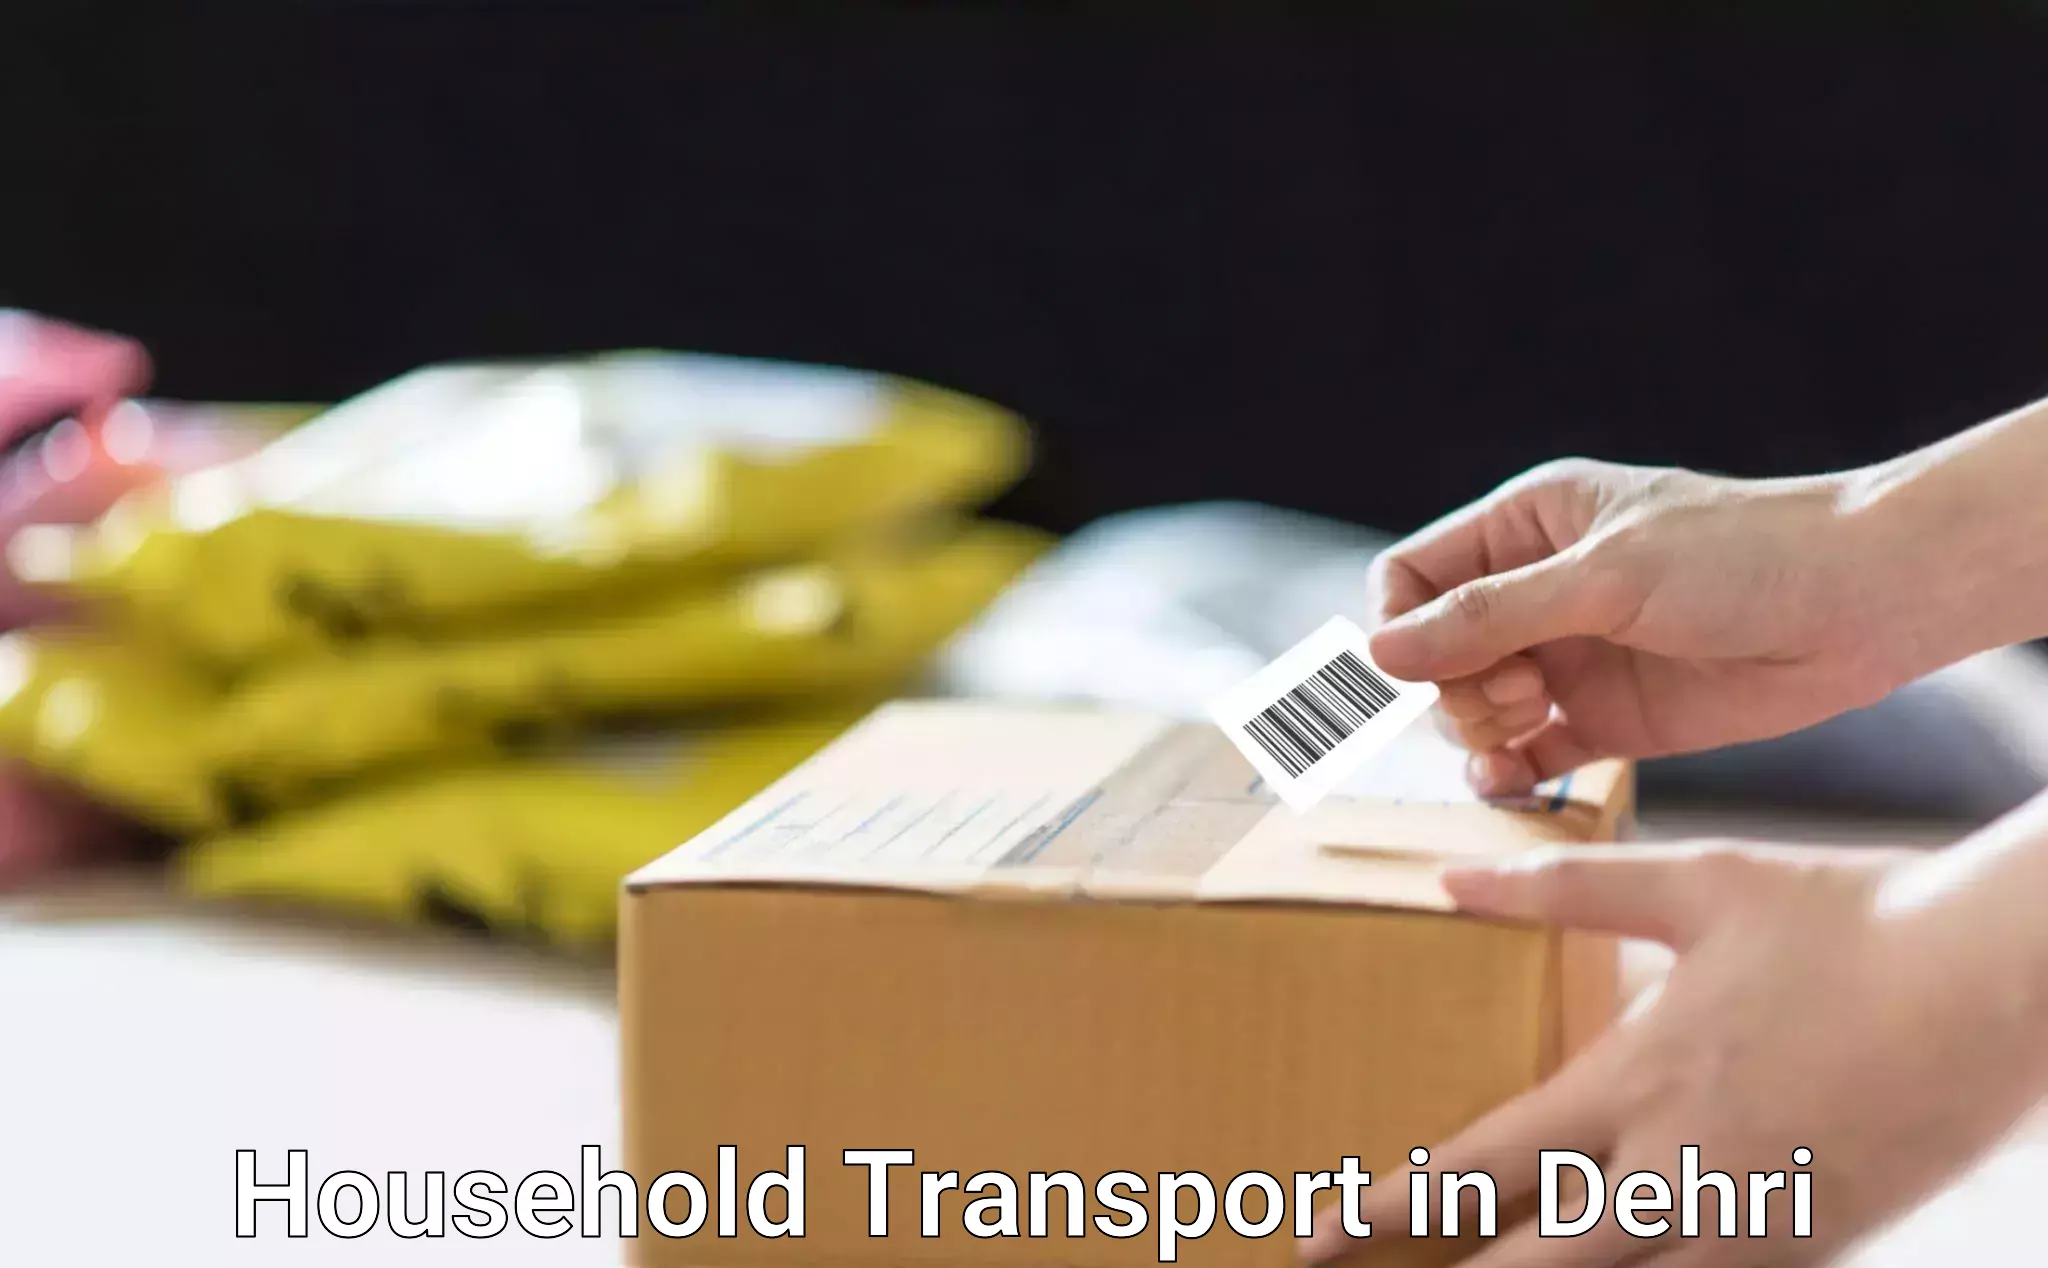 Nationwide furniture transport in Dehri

--

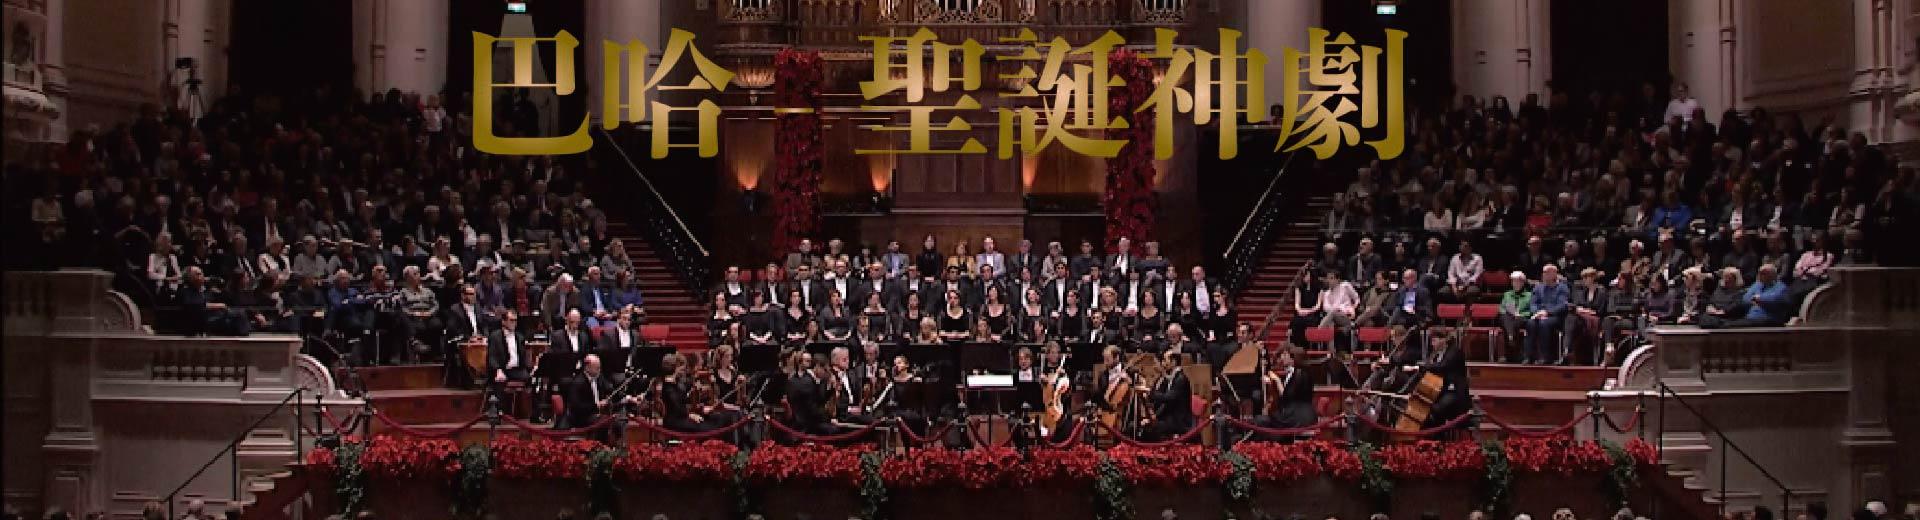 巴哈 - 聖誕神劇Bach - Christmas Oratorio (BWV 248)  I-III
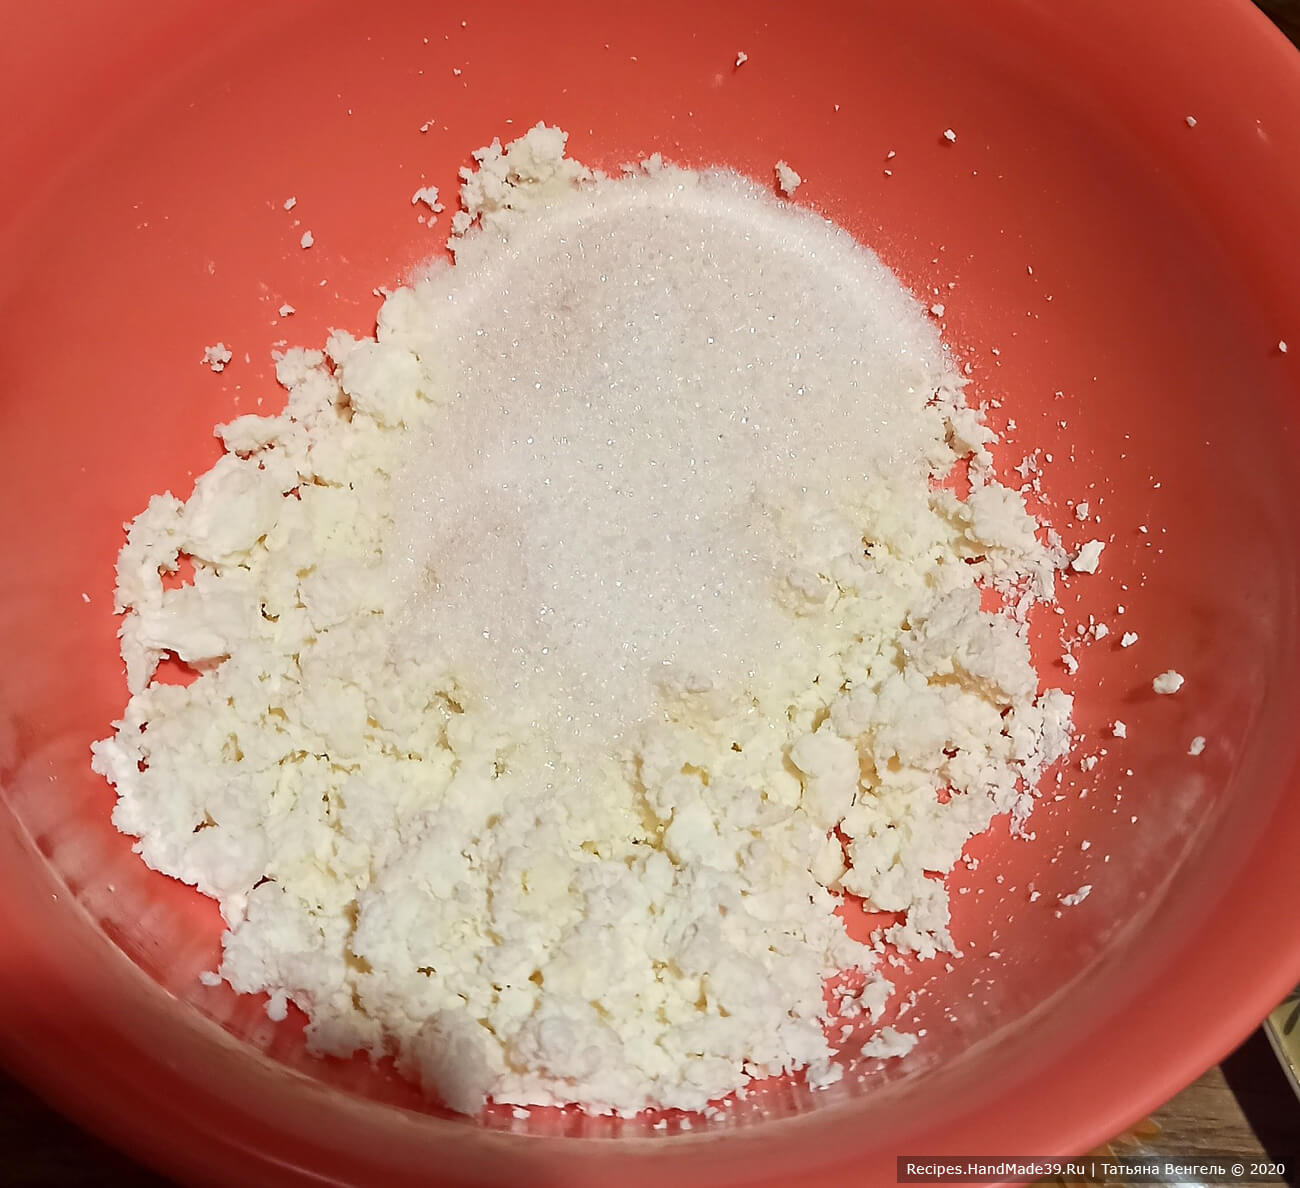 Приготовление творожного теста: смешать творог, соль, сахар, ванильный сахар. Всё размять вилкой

==

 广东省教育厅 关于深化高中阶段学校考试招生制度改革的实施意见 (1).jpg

Task description: Extract, without any images, the part of the material above that opens with the line containing "巴哈 - 聖誕神劇Bach" and closes with the line containing "Приготовление творожного теста: смешать", both lines included.

Response to this task:
 巴哈 - 聖誕神劇Bach - Christmas Oratorio (BWV 248)  I-III
 Приготовление творожного теста: смешать творог, соль, сахар, ванильный сахар. Всё размять вилкой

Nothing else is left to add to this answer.